Bill Nighy in Wild Target (Magic Light Pictures)

Wild Target in many ways epitomizes a British comedy and simultaneously epitomizes the Briton take on genre-crossing tales. The comedy is, make no mistake, ever-present throughout the course of this film making it a brilliantly farcical tale. The farce is perhaps the most difficult comedy sub-genre to pull off because it relies so heavily on the preposterous lampooning of what we typically in life or in film take seriously or for granted.

While this film excels far more easily in its comedic elements than it does as an action-thriller, those elements are there and consistent. The edit may be a little unbalanced and a cross-cut or two to the organized crime figures on the chase may be a little late it still does work.

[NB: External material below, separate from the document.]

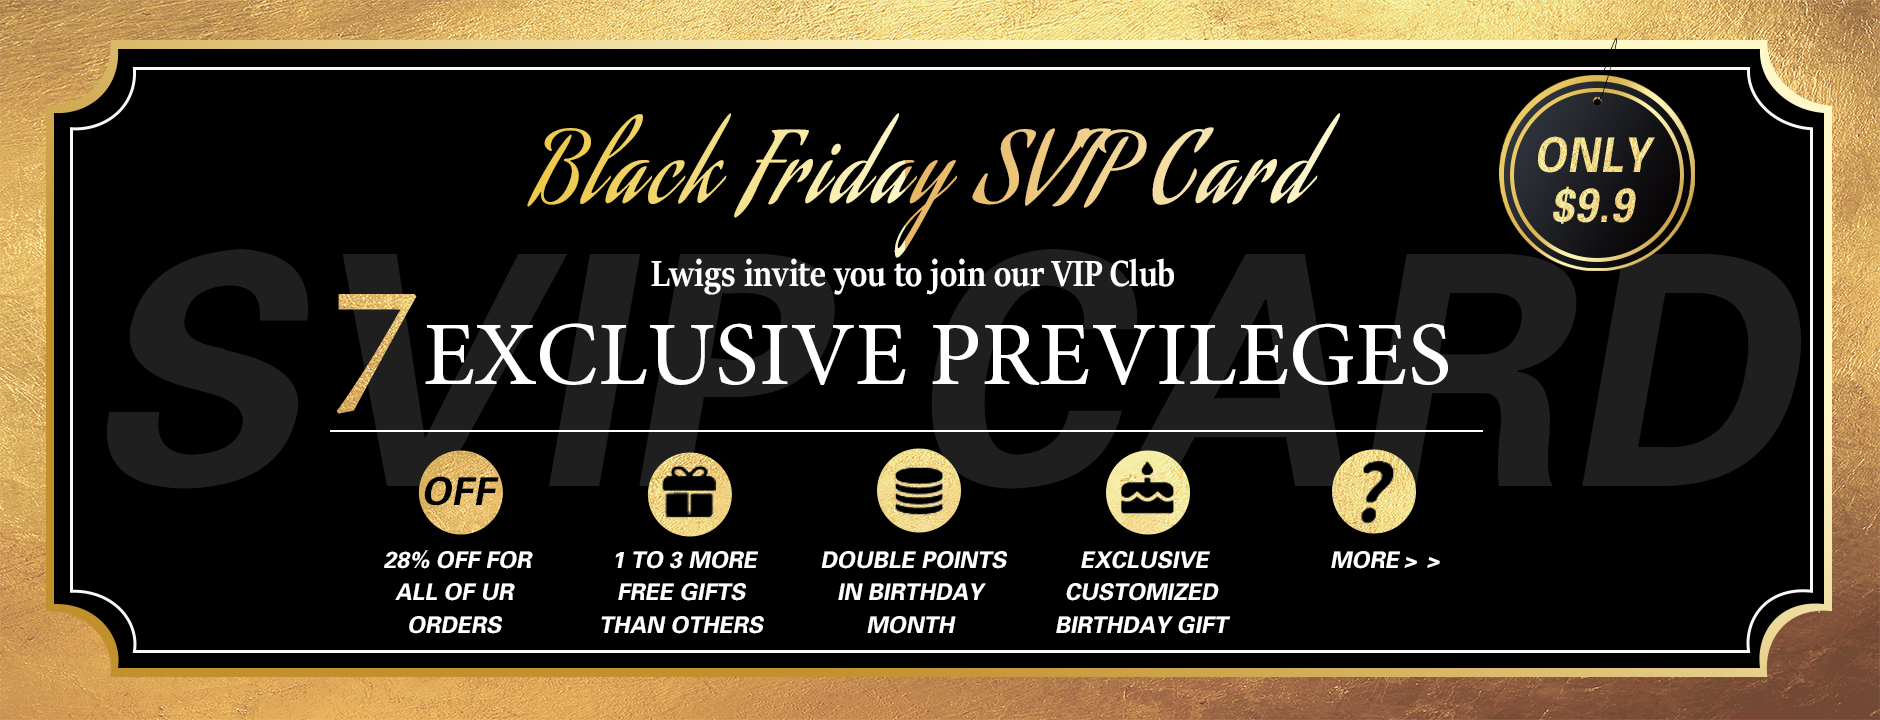 lwigs,VIP card, svip, exclusive previleges, vip service

Yet what makes this film most interesting is the interplay of the three main characters. The lead, Victor Maynard, is played wonderfully by Bill Nighy [A performance which after this writing I would honor as the Best of the Year.] This is truly a fantastic character study. We slowly see this man become the person he was longing to be, as in the beginning he imagines dinner conversation and then later on enacts it but he is also a confused man. He is so defined by being a hitman he doesn’t know himself and questions everything; even his sexuality.

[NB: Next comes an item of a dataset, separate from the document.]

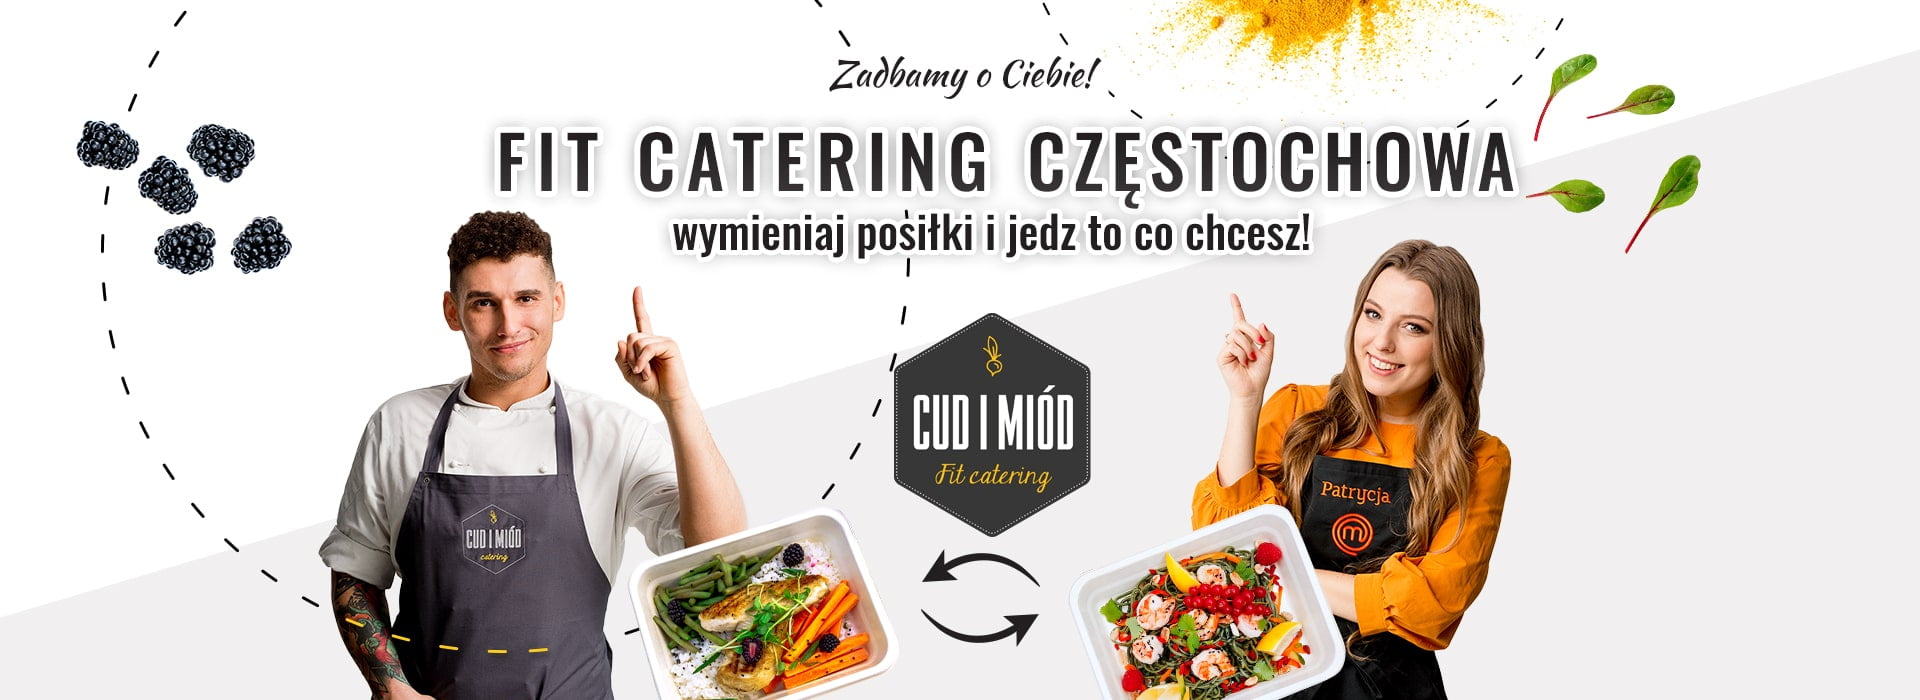 Catering-czestochowa

The confrontation of that fact leads to one of the funniest and most complex jokes in the film, which can be taken as a triple entendre. That is not a typo watch it and consider the exchange carefully and you’ll see what I mean.

Which leads us to the performance of Rupert Grint. While he is not breaking the mold that made him famous in this part, as he has in others, it is definitely a more grown-up and comedic interpretation thereof and a wonderful counterpoint to the tension of Maynard and Rose (Emily Blunt).

Last but certainly not least is Emily Blunt as Rose who carries off a rather complex character with relative ease and makes her fully realized. She is never predictable and real and furthermore complicates Maynard’s life brilliantly.

Wild Target manages to balance the thrill of the chase and comedic situations and the mix is rather easy indeed. It eases you in familiarizing you both with the status quo of Maynard and Rose and then showing you how their fates will intertwine.

When a film opens with a hit in which the hitman may be betrayed by a parrot and the hitman places his silencer against its head, you should know what you’re in for.  The fact that they argue makes nearly Monty Python-esque. What proceeds from there is a deliriously good time.